Skandalsport-Report
Paintball im Kreuzfeuer der Diskussion
Aggressives Geballer oder harmloses Spiel? Das ist die Frage, die sich derzeit nicht nur die Politiker stellen. Ein Erlebnis-Bericht von Janine Hutter.
Paintball soll in Kürze verboten werden.
Foto: DDP
Hamburg. Als meine Freundin im Radio gehört hat, dass das Paintballspielen in absehbarer Zeit verboten werden könnte, hat sie beschlossen, die Gelegenheit noch einmal beim Schopfe zu packen und uns zu ihrem Geburtstag in eine Anlage im Norden Hamburgs eingeladen. Wir entscheiden uns in der Vorbereitung für eine eher mickrige Schutzausrüstung, denn wir wollen ja keine Memmen sein, sondern am eigenen Leib erfahren, worum es bei diesem Spiel geht. Maske und Brustschutz bei Frauen sind allerdings Pflicht. Unsere männlichen Spielgefährten freuen sich anfangs noch darauf, sich mit einer anderen Gruppe zu messen, die angeblich schon Erfahrungen im Paintballspielen hat.
Gemeinsam werden wir in das Werkzeug und in die Abläufe instruiert.
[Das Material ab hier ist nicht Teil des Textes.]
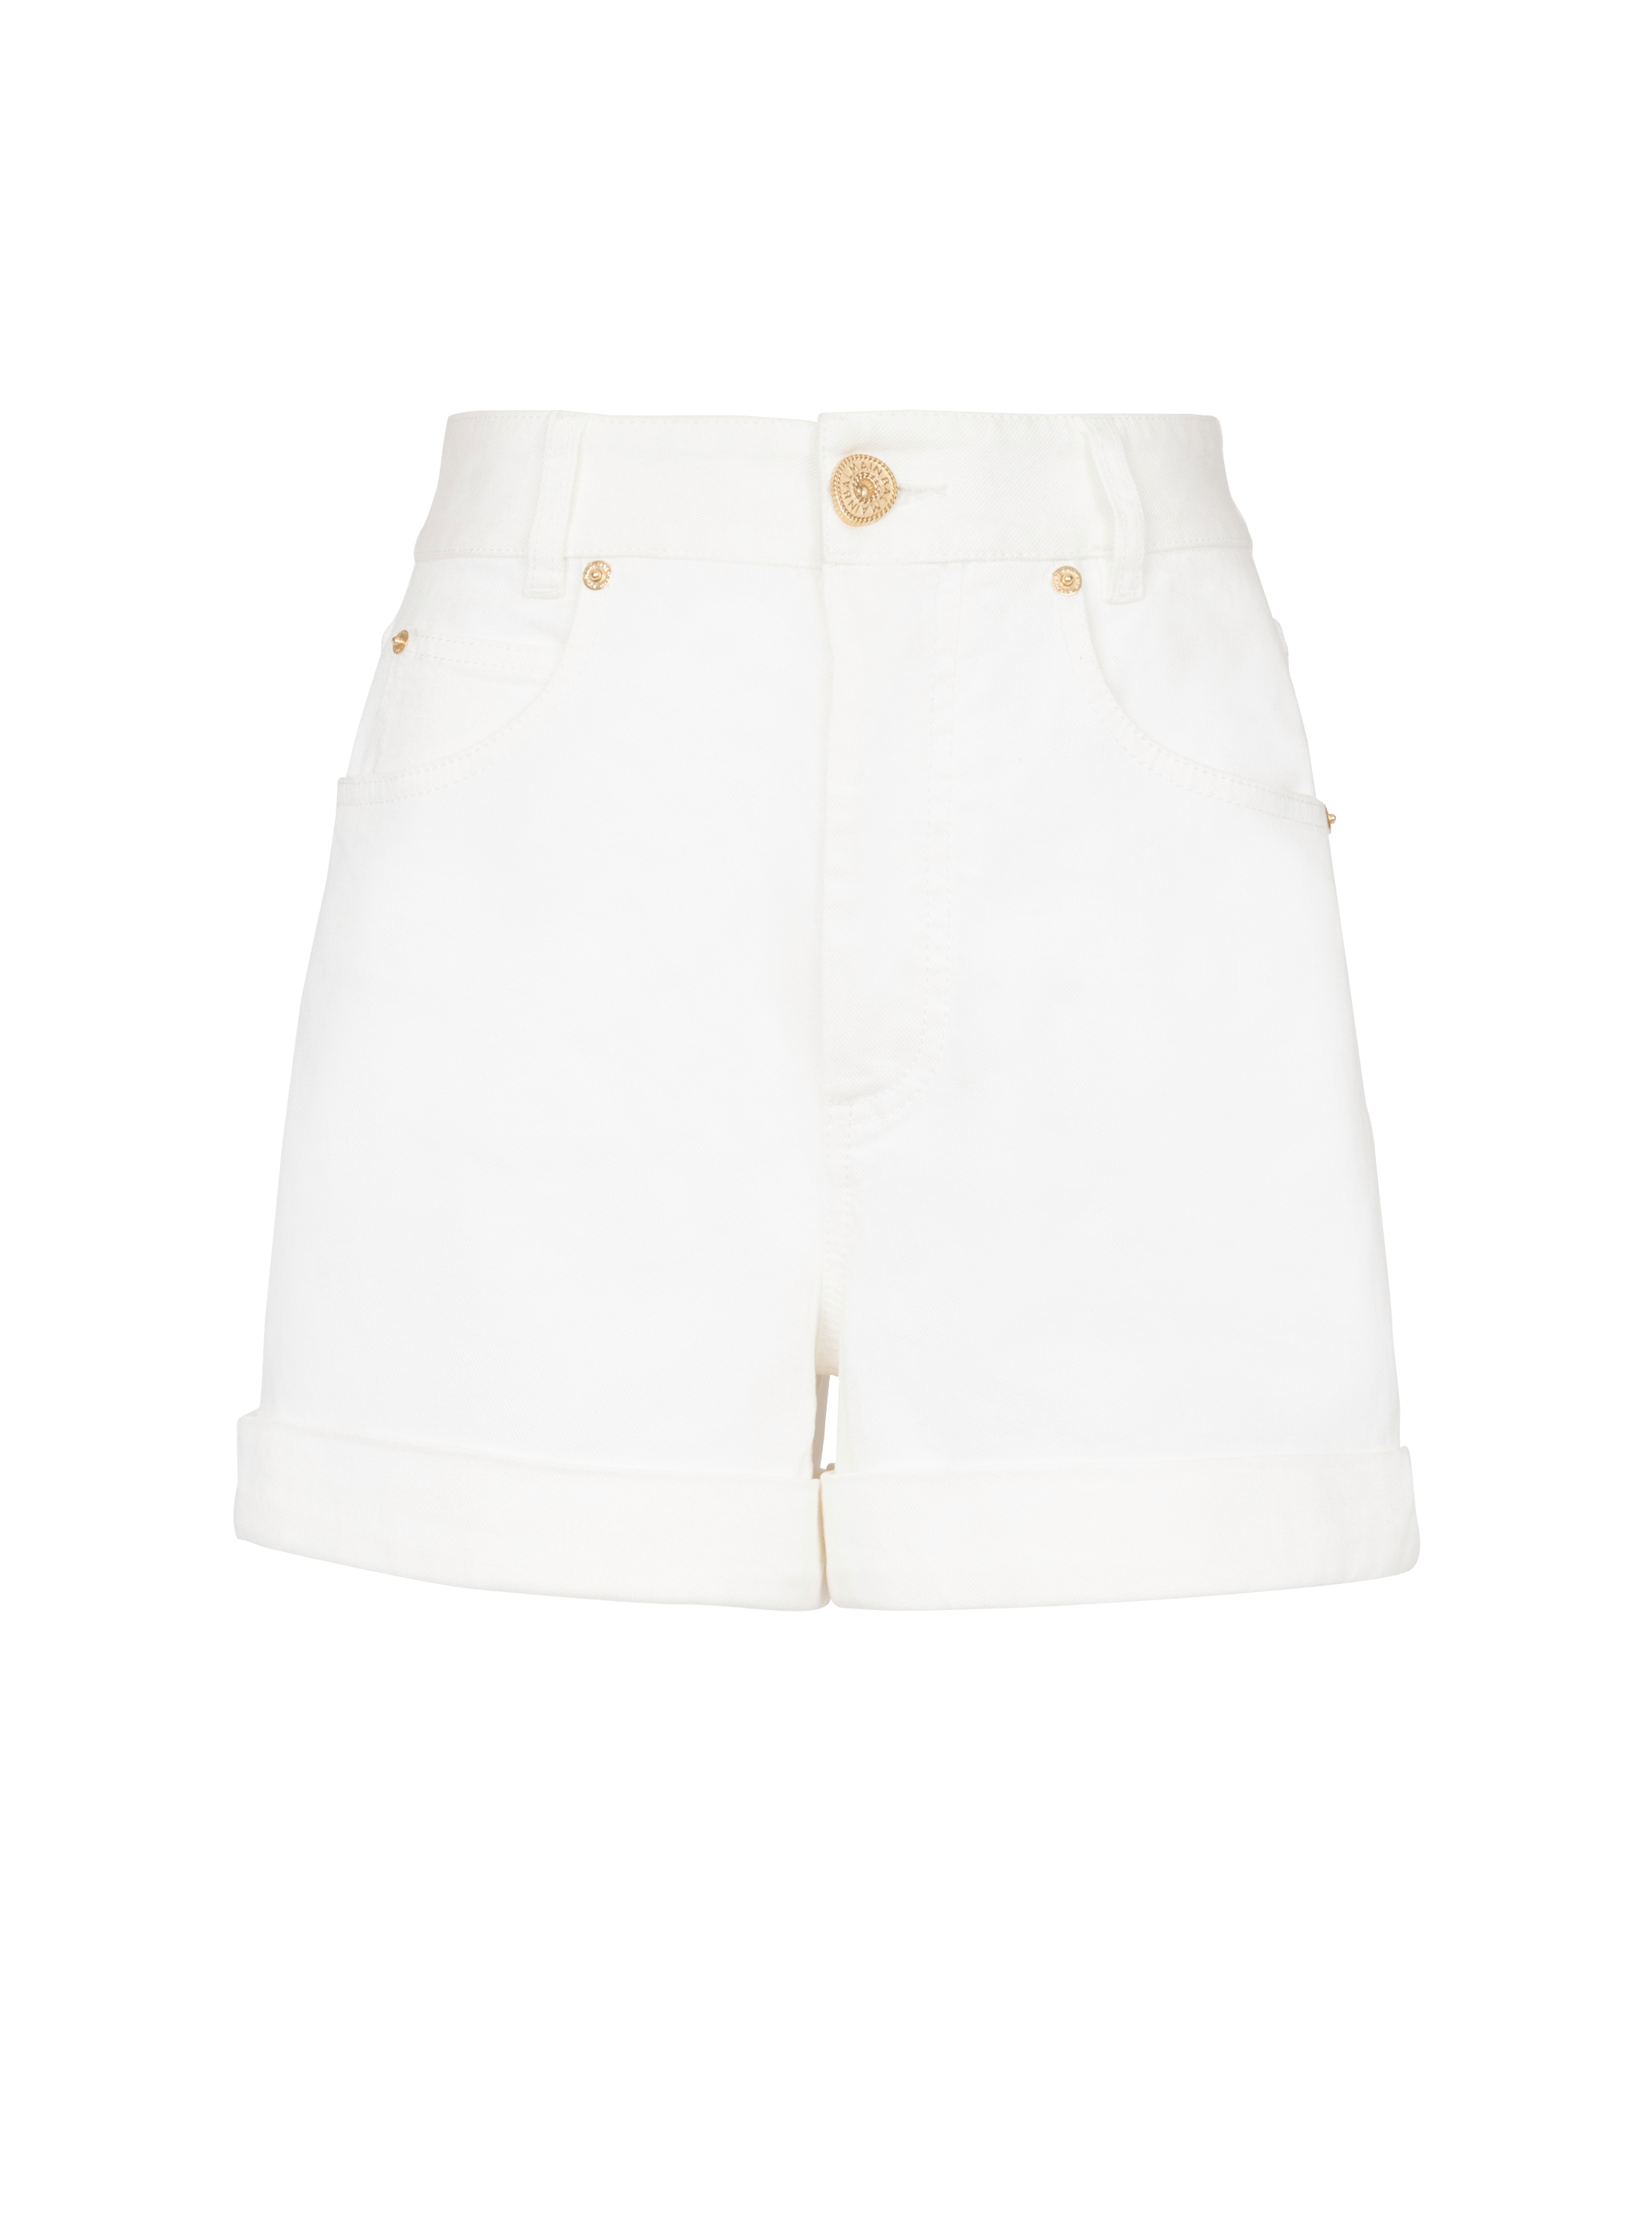 Shorts Jeans Branco com Detalhe Dourado

Ein Mann, der mit seiner Maske und dem Outfit aussieht wie dieser Bushido oder Sido, erklärt uns, dass die monströse Waffe, die wir in den Händen halten, gar keine Waffe sei, sondern ein „Markierer“.
Wenn jemand auf dem Spielfeld „markiert“ ist, soll er eine Hand heben, seine Waffe nach unten halten und hinter die Absperrung gehen. Er sei dann aus dem Spiel ausgeschieden.
Es geht also kurz gesagt darum, in diesem Spiel möglichst alle Gegenspieler mit den kleinen Farbkügelchen abzuschießen..äh...zu markieren, bevor sie dich erwischen.
Wir haben noch ein paar Minuten Wartezeit, bevor wir aufs Feld dürfen. Wir trinken abgestandenen Kaffee, während es im Hintergrund „PAUH-PAUH-PAUH“ macht, was einem durch Mark und Bein geht. Langsam werden wir nervös. „Es tut höllisch weh, wenn man getroffen wird,“ berichten Erfahrene.
Jetzt geht es los. In einer beengenden Halle mit wenig Schutzmöglichkeiten stehen wir der gegnerischen Mannschaft gegenüber. Durch die Maskerade ist schwer zu erkennen, wer Freund und wer Feind ist. Startsignal. Lautes Knallen! Flucht hinter die Luftpolster. Ich traue mich kaum hervor. Erste Schreie ertönen von meinen Kameraden, die erhobener Hand vom Feld weichen.
Es bringt nichts mich zu verstecken, sage ich mir und schaue mit einem Auge an meinem Schutz vorbei, während ich aus meinem Markierer einige Kugeln abgebe. Noch etwas unkontrolliert, aber auch ich treffe jemanden, und ich fühle mich, als hätte ich es drauf. Das Ganze fängt an, mir Spaß zu machen. Als Letzte aus meiner Mannschaft stehe ich unter dem Geschoss des Gegners und schaue immer nur vereinzelt hervor, um gezielt jemanden zu treffen.
Plötzlich Stille. Ich höre noch, dass meine Freunde hinter der Absperrung rufen, aber ich kann nicht verstehen, was. Ich schaue nach links. In nur zwei Meter Entfernung steht Er direkt neben mir. GOTCHA! Getroffen.
Verdammt, das tut wirklich weh! Ich kehre zurück in die Realität und hinter die Absperrung zu meinen Freunden. Alle regen sich über ihre Blessuren auf und darüber, dass wir zunächst gegen eine erfahrene Mannschaft gespielt haben, vor allem die weiblichen „Sportler“ unter uns.
Wie sich herausstellt, sogar noch erfahrener, als wir gedacht hätten: Es sind Bundeswehr-Soldaten, die dort einen Lehrgang absolvieren. Gut, dass ich das nicht vorher gewusst habe.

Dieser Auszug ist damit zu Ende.